## Information supplied
[Start of section]
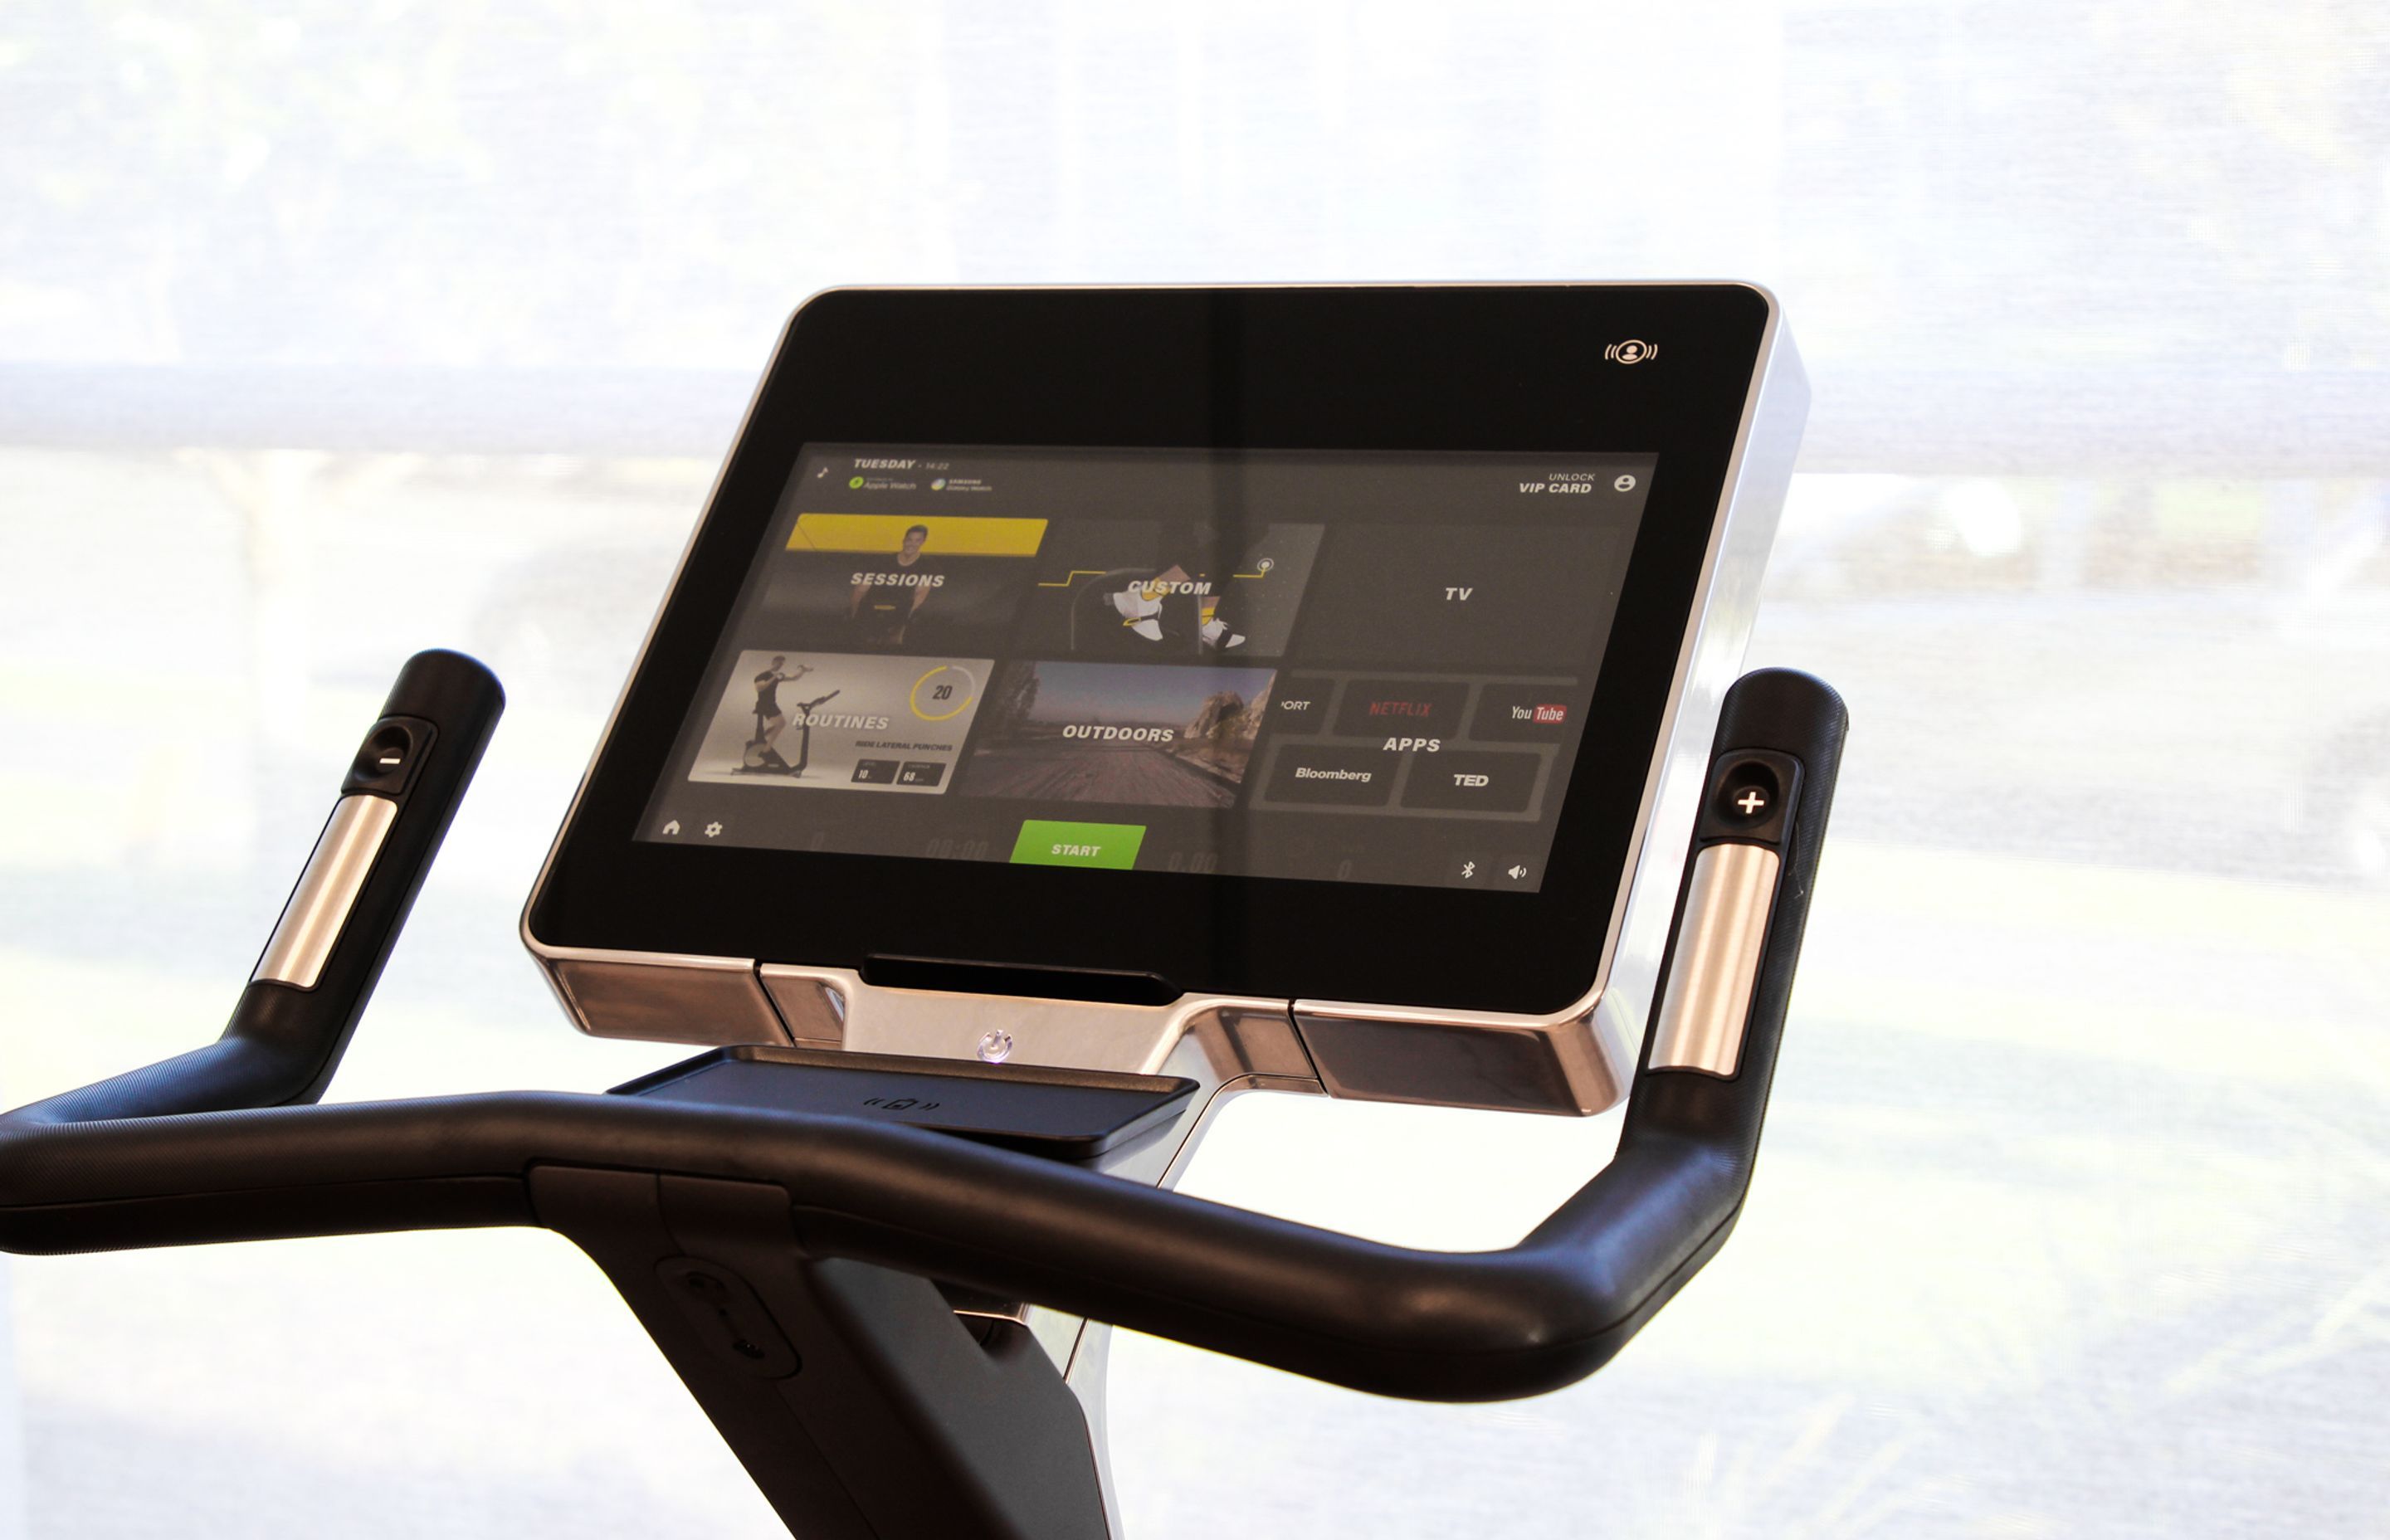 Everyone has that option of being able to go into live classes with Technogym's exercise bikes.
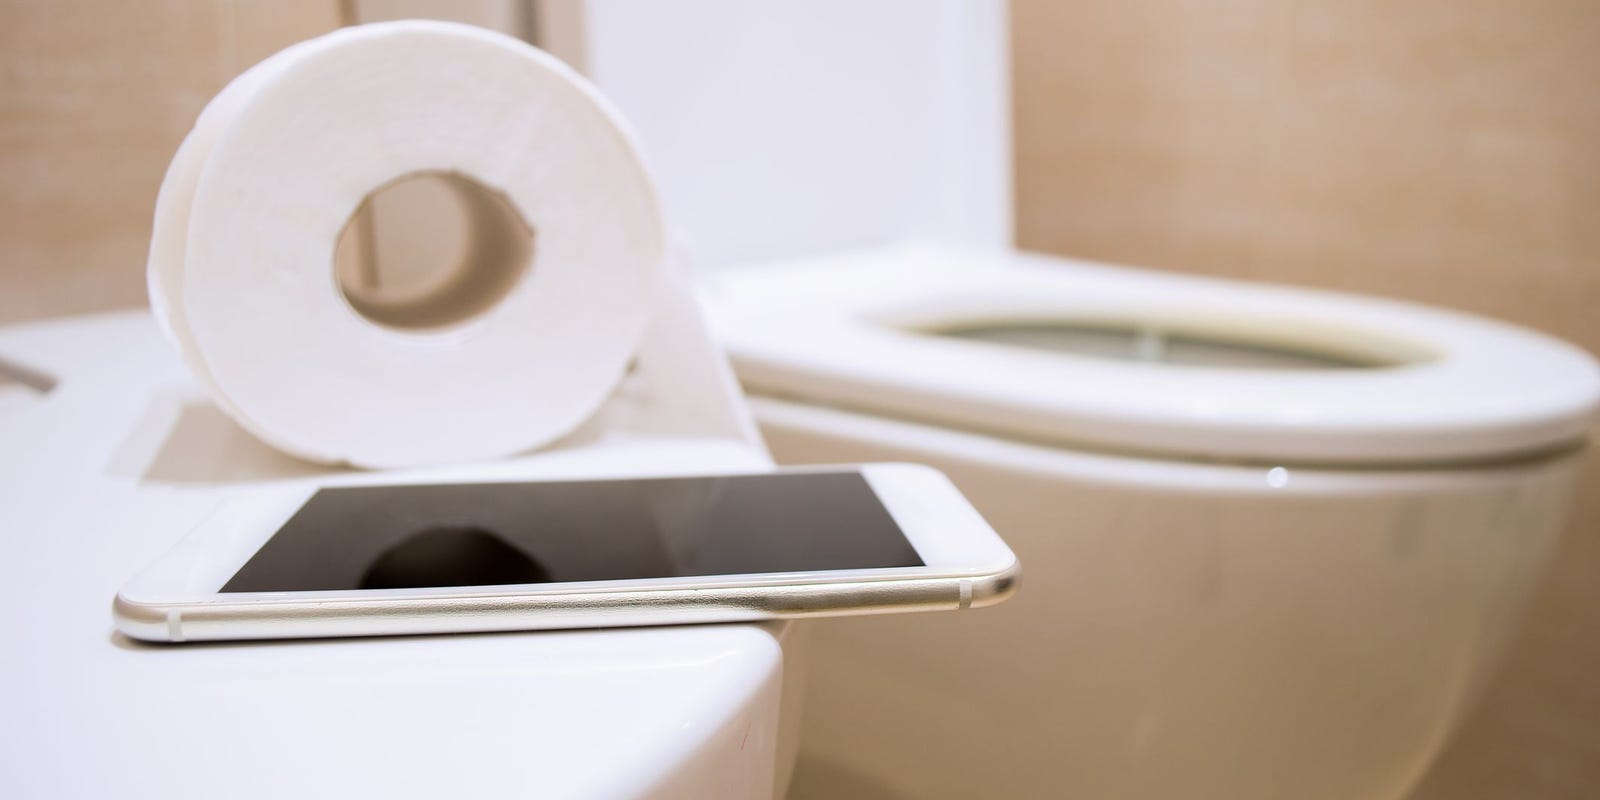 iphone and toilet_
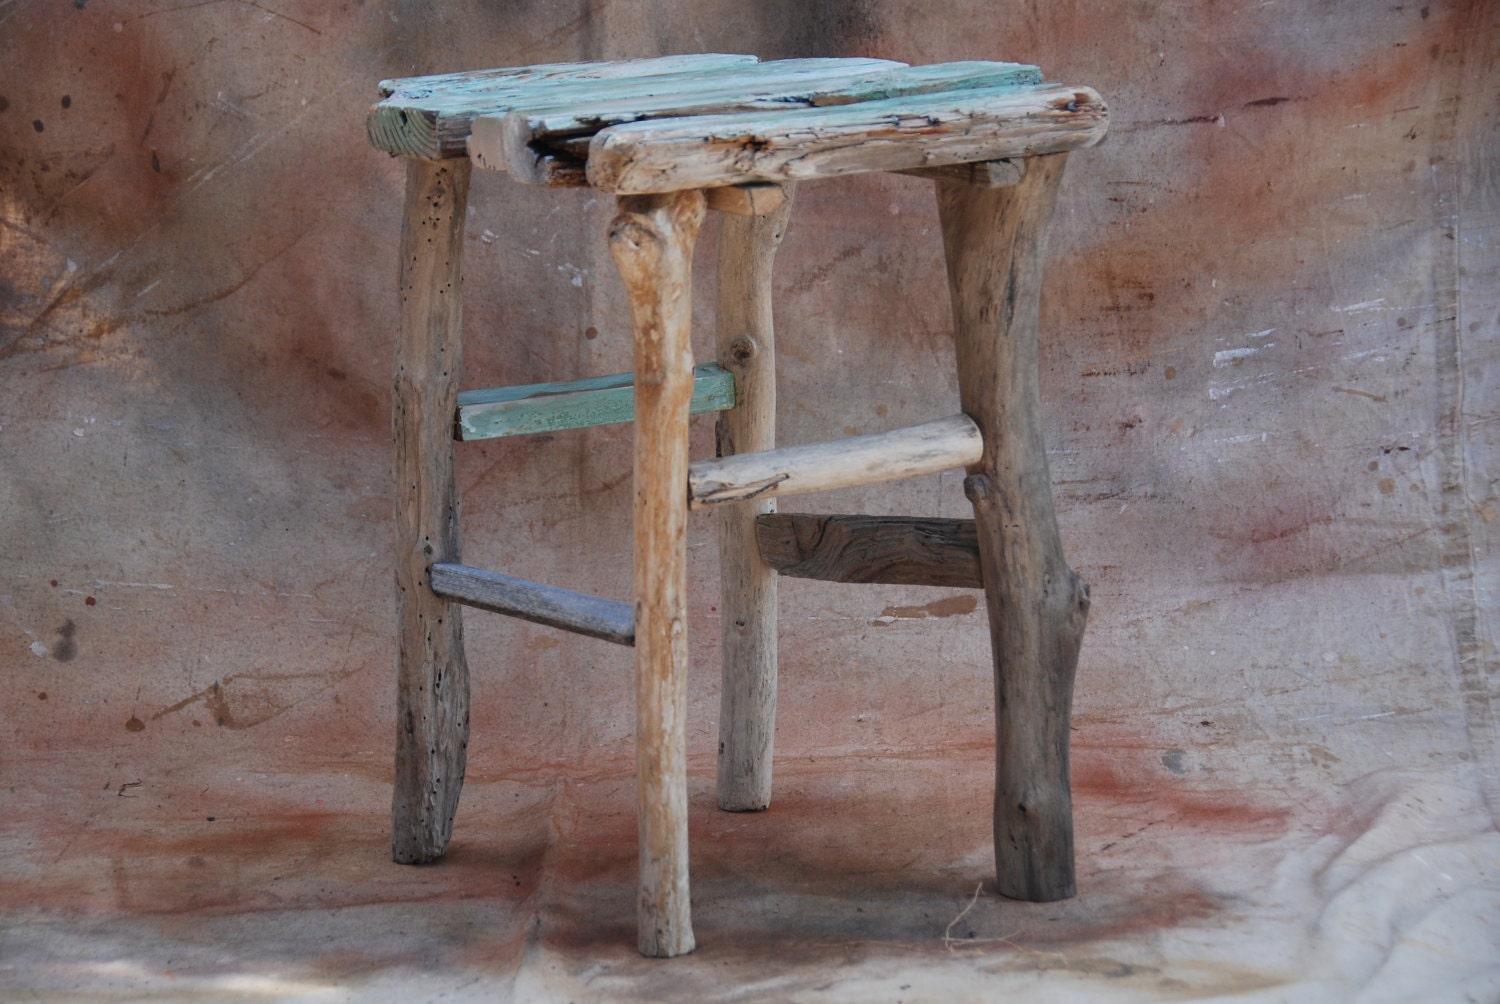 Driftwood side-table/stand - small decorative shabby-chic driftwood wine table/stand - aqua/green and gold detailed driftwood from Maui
[End of section]
## Activity
If a picture appears in the data, omit it; transcribe all the rest exactly.

## Answer box
 Everyone has that option of being able to go into live classes with Technogym's exercise bikes.
 iphone and toilet_
 Driftwood side-table/stand - small decorative shabby-chic driftwood wine table/stand - aqua/green and gold detailed driftwood from Maui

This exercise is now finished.